THIERRY DE LA TOUR D'ARTAISE - Ce sujet est très technique. Confondre des composants qui n'ont rien à voir entre eux aboutit à un non-sens. Le groupe utilise un composant comme matériau antiadhésif qui appartient à une catégorie non dangereuse. Mais là où l'Union européenne adopte une démarche scientifique dans la durée pour analyser tous les enjeux, cette proposition de loi fait l'inverse. Alors que cela concerne 3 000 emplois en France et une activité industrielle avec deux sites de production, à Rumilly (Haute-Savoie) et Tournus (Saône-et-Loire). Je suis exaspéré par le manque d'analyse scientifique qui sous-tend cette proposition de loi. Le groupe a toujours respecté les réglementations en vigueur et les a souvent même anticipées. Les produits Tefal - comme tous ceux de SEB - ne contiennent pas de PFAS considérés comme nocifs pour la santé ou l'environnement par les autorités sanitaires. Et Tefal n'a rien à voir non plus avec Teflon, marque déposée autrefois par le chimiste DuPont de Nemours, qui comportait un PFAS nocif. D'où une confusion supplémentaire entre les composants que nous utilisons et ceux qui sont aujourd'hui mis en cause.
Dans ce cas, pourquoi vos produits sont-ils visés par cette proposition de loi ?
Ce ne serait pas la première fois qu'une initiative en France chercherait à aller plus loin qu'une réglementation européenne. Il y a beaucoup de dogmatisme sur ces sujets. Et plus ils sont complexes, plus le risque de les simplifier à l'extrême est élevé. Près d'une centaine d'études démontrent que les composants que nous utilisons ne sont pas dangereux. Si ce texte était voté, nous aurions non seulement l'interdiction de produire, mais aussi d'exporter. Tefal est numéro un au Japon ou en Corée, entre autres. Si SEB ne peut plus vendre ses produits sur ces marchés, ce sont nos concurrents qui le feront.
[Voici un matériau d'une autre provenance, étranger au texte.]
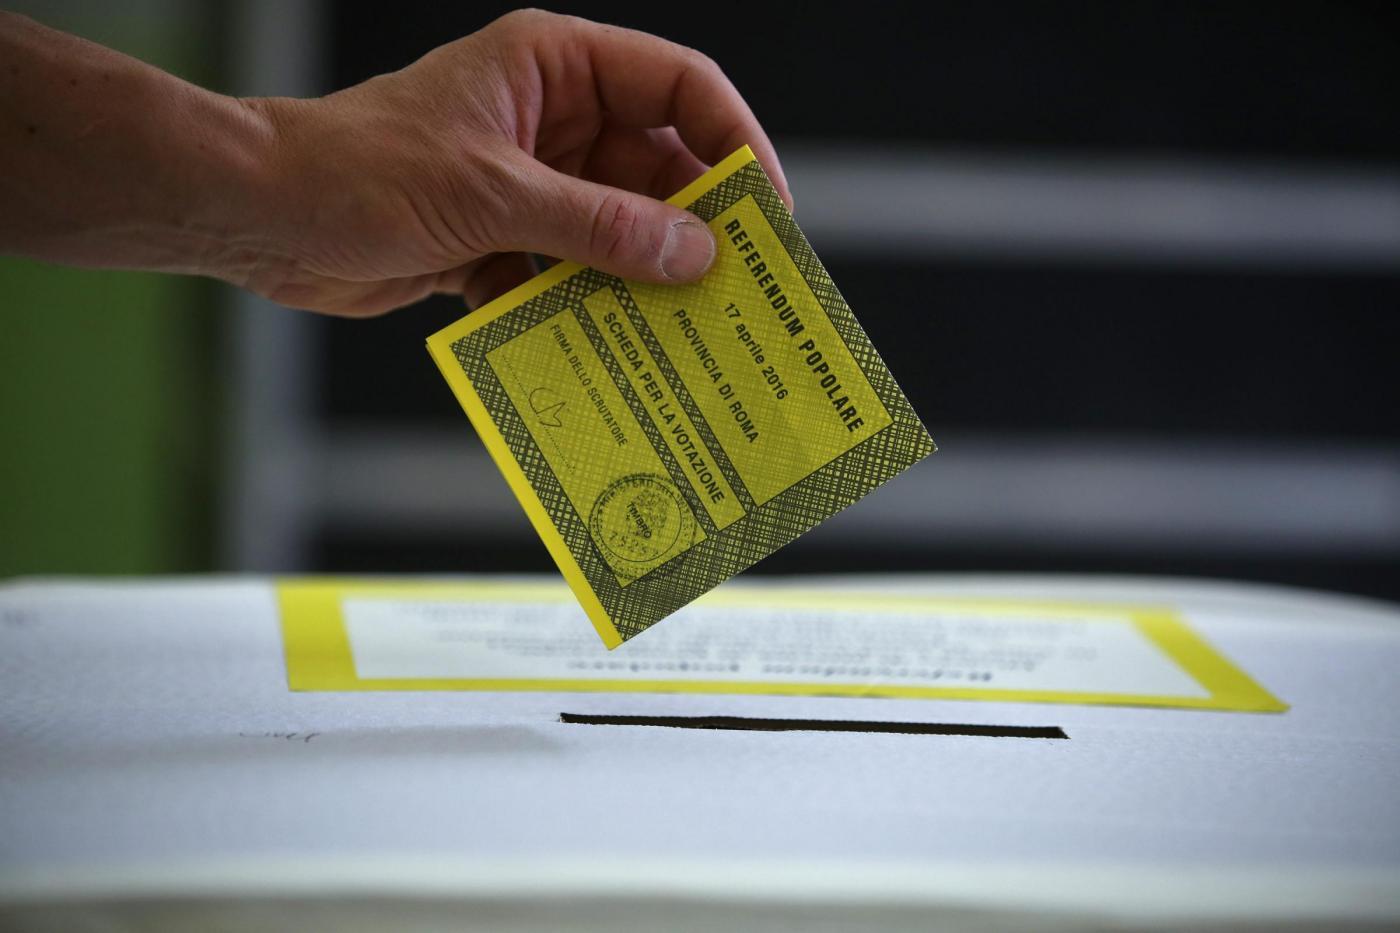 Referendum trivelle: affluenza e risultati regione per regione

Comment allez-vous réagir ?
En expliquant justement les différences entre les divers composants. Nous avons des compétences historiques dans nos métiers, avec des décennies d'innovations et de recherches. Nous sommes des industriels responsables. Nous allons nous battre, avec à nos côtés les salariés du groupe et les partenaires sociaux. Le Royaume-Uni établit bien une distinction entre les PFAS. L'Union européenne étudie le dossier sous tous ses aspects. Pourquoi la France agirait-elle autrement ? SEB est numéro un mondial des articles culinaires, qui représentent presque un tiers des ventes globales du groupe. Une interdiction de production aurait des conséquences gigantesques pour toute l'entreprise. Voter en quelques jours une décision de cette ampleur n'est pas envisageable.